Just to re-emphasize the point, notice how if we exclude the connection costs, the actual download times for these requests are pretty close. For example, without the connection costs, the CSS requested from Shopify takes 185ms to retrieve with packet-level throttling and 176ms to retrieve with DevTools throttling. That's because DevTools throttling is able to be applied at that stage of the request, so we see that throttling in action here. Matt Zeunert's article on throttling does a good job of highlighting this as well.
Masking the cost of redirects
Unpkg is a popular CDN for node modules (HTTP Archive data currently discovers it on 129,324 sites). If you want to pull in a library (like React for example), you pass the package name, version number, and file like so:
Alternatively, you can opt not to omit the version entirely,or use a semver range or tag. When that happens, unpkg will redirect the request to the latest matching version of the file.
For example, given the following address:
Unpkg will respond with a 302 redirect to:
That redirect is a handy way to pull in the latest version of a library automatically, but it's also expensive. It means the browser has to first issue the request, wait for the response, process the redirect, and then issue a new request.
With DevTools throttling, the impact looks minimal.
In the following screenshot of a truncated waterfall, the first group of requests (#12-14) all result in 302 redirects which trigger the actual requests (requests #27-29).
While this isn't ideal, the time it takes for those redirects looks pretty minimal—they all take under 20ms. DevTools throttling isn't applying any throttle to those redirects since they occur at the network level, so things don't look so bad. Based on what we see here, we might decide that eliminating the redirect is, at best, a minor improvement.

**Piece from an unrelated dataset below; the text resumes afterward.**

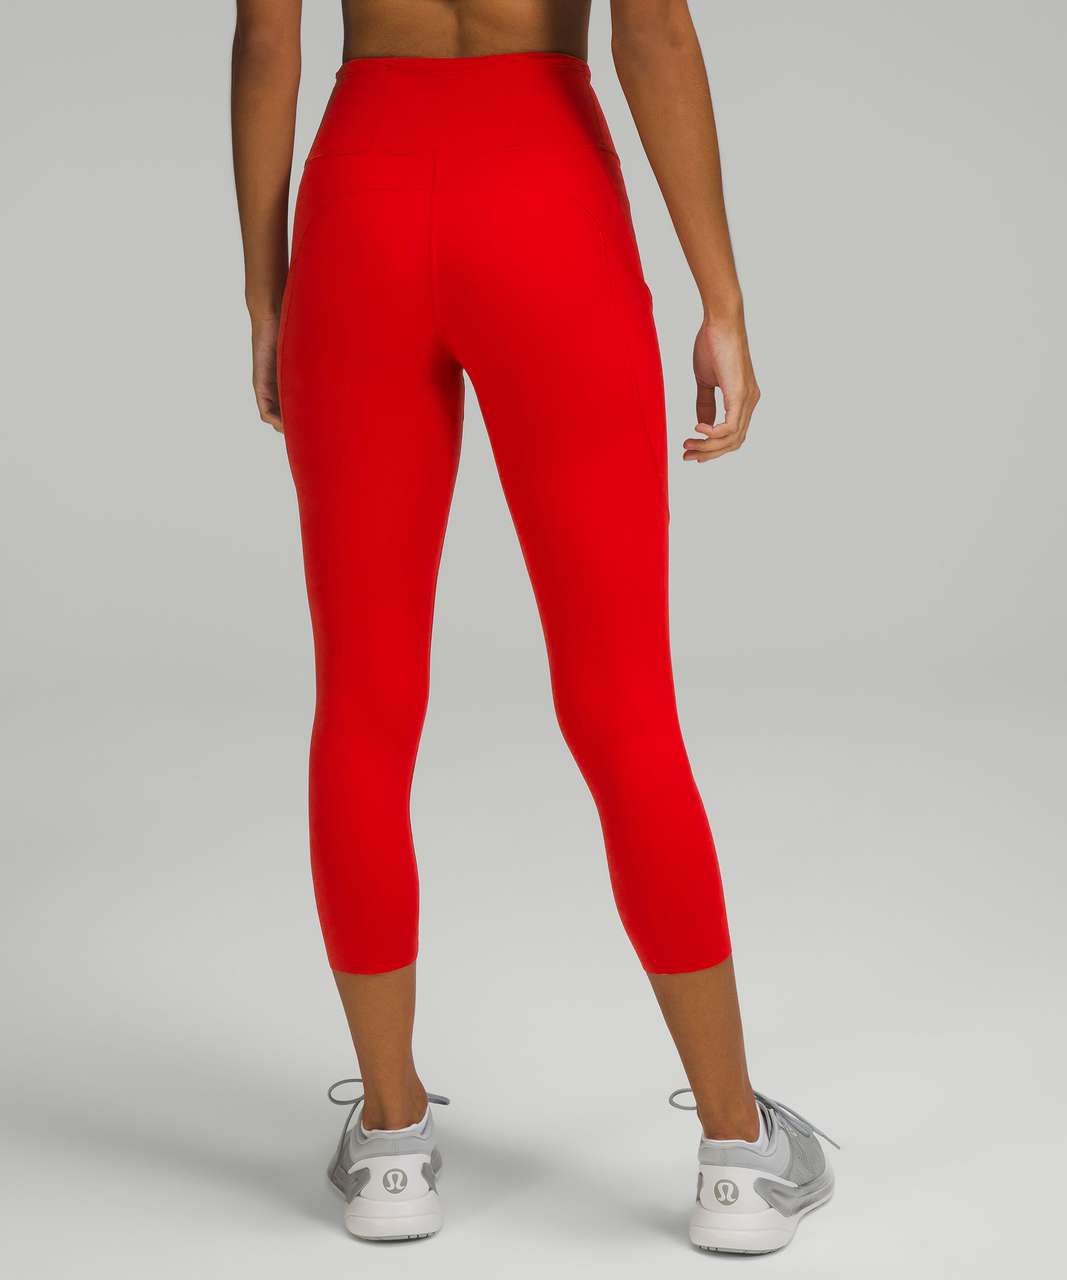 Lululemon Fast and Free High-Rise Crop 23" *Brushed Nulux - Dark Red

Here are the same requests on the same browser and network setting, but with packet-level throttling applied instead of DevTools throttling.
Now the redirects look much more expensive—instead of 17ms for the longest redirect, we're spending 1.4s! ch
The request order also changes. With the packet-level throttling more accurately showing the impact on connection costs, downloads for requests with connection costs associated start at different times than before, meaning even the request order is different.
Summing it up
Accurate network throttling is so important when doing synthetic performance analysis, and a ton of work goes into getting it right. DevTools throttling tends to use more aggressive throttling factors to account for the fact that's it's a little over-optimistic, and Lighthouse's simulated throttling has also been carefully calibrated against network-level throttling to try to get results to be as accurate as possible.
You don't need to be an expert in network throttling approaches to improve the performance of your site, but some basic understanding of how they work, and where the limitations of DevTools throttling, in particular, can help you to understand the differences in results across tools and, more importantly, help you to avoid drawing the wrong conclusions about potential optimizations.